One last push to his luck then, hardly worse than a gambler’s last chip except that the consequences of failure were somewhat more certain. Either way he’d have what he wanted—survival or, in the brief incandescence of friction’s heat, a declaration of his passing.
A waste disposal cylinder will carry the equivalent of about three tons of refuse. Its motor is designed to decelerate that mass by 1,075 mph in order to allow it to assume a descending orbit.
Less the greater part of the customary mass, it should be considerably more effective, and since he was already in what constituted a descent path, but for a few miles and a little extra velocity, there would not be the long fall afterwards to pick up what he’d lost.
From there on his plan entered the realm of pure hypothesis; except for the broad detail the rest depended on luck and whatever freakish conditions might arise in his favor during the operation. These, too, would be beyond his control and any move to take advantage of them would have to be instinctive, providing he was in any shape to do so.
The tendency to gnaw worriedly at a thousand disturbing possibilities drowned quickly in a rapidly rising sense of reckless abandon that possessed him. The prospect of positive action of any sort served to release any tension left in him and almost gayly he moved to set his plan in action.
He jimmied the timer on the rocket motor so it would fire to the last drop. The string of ribbon chutes he reeled in hand over hand stuffing it into the cylinder, discovering in the process why the chute Section hands at Base wore that harried look.

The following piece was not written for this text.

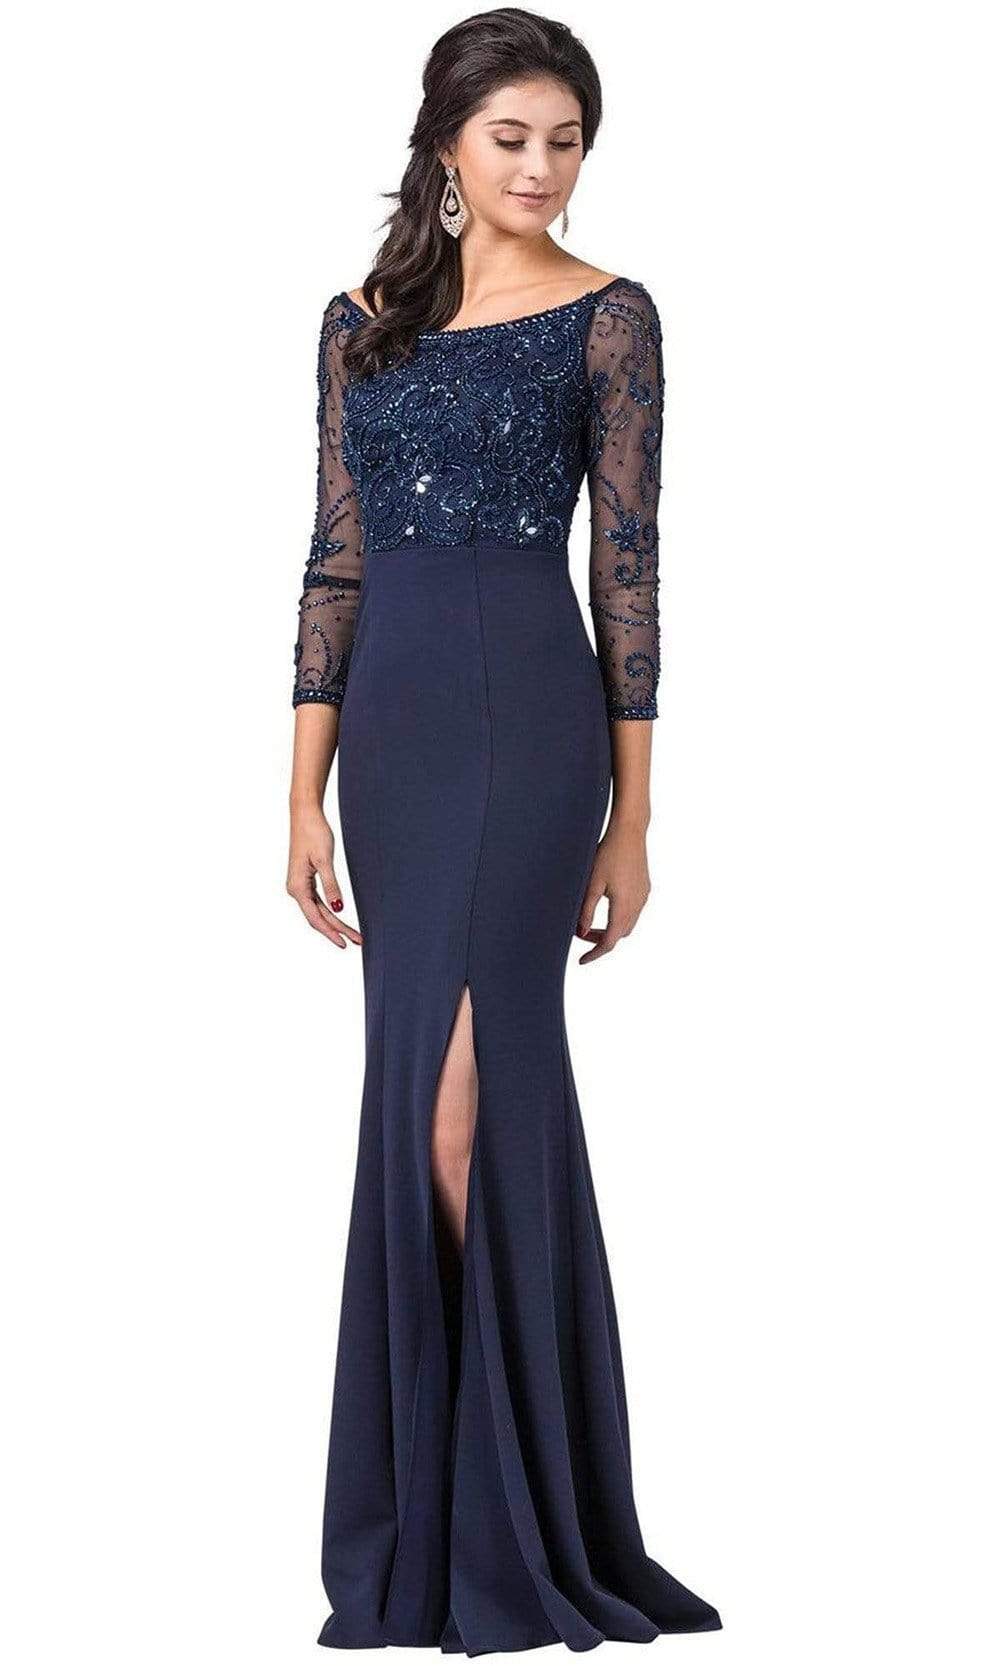 Dancing Queen - 2672 Embellished Long Sleeve Bateau Sheath Gown Special Occasion Dress XS / Navy

The mass of slithering, incompressible white-and-yellow ribbon and its shrouds resisted him like a live thing; in the end Johnny managed to bat and maul the obstreperous stuff down the length of the tank. Even so, it filled it to within a couple of inches of the opening.
Now he cut off a length of his life line and attached one end to the spring-loaded trigger release on the motor control, leaving enough to trail the length of the cylinder and double back inside when he wanted it. He blessed the economically minded powers that insisted on manual firing control on these one-shot units instead of the complex radio triggers beloved of the technical brains.
Making fast to the chutes was a major problem but eventually he managed a makeshift harness of the remainder of the safety line. He wound it awkwardly around himself with as many turns as possible, each returned again and again through, the ring at the end of the master shroud.
By now he was casting anxious glances at the Earth below, aware that he must have passed apogee several minutes before and that not more than some twenty minutes were left before the low point of this swing would be near. He was grimly aware also that it must be this time or not at all. The air telltale was well through the yellow band and the next possible chance after this one was an hour’s time away, when conditions inside the suit would be getting pretty sticky.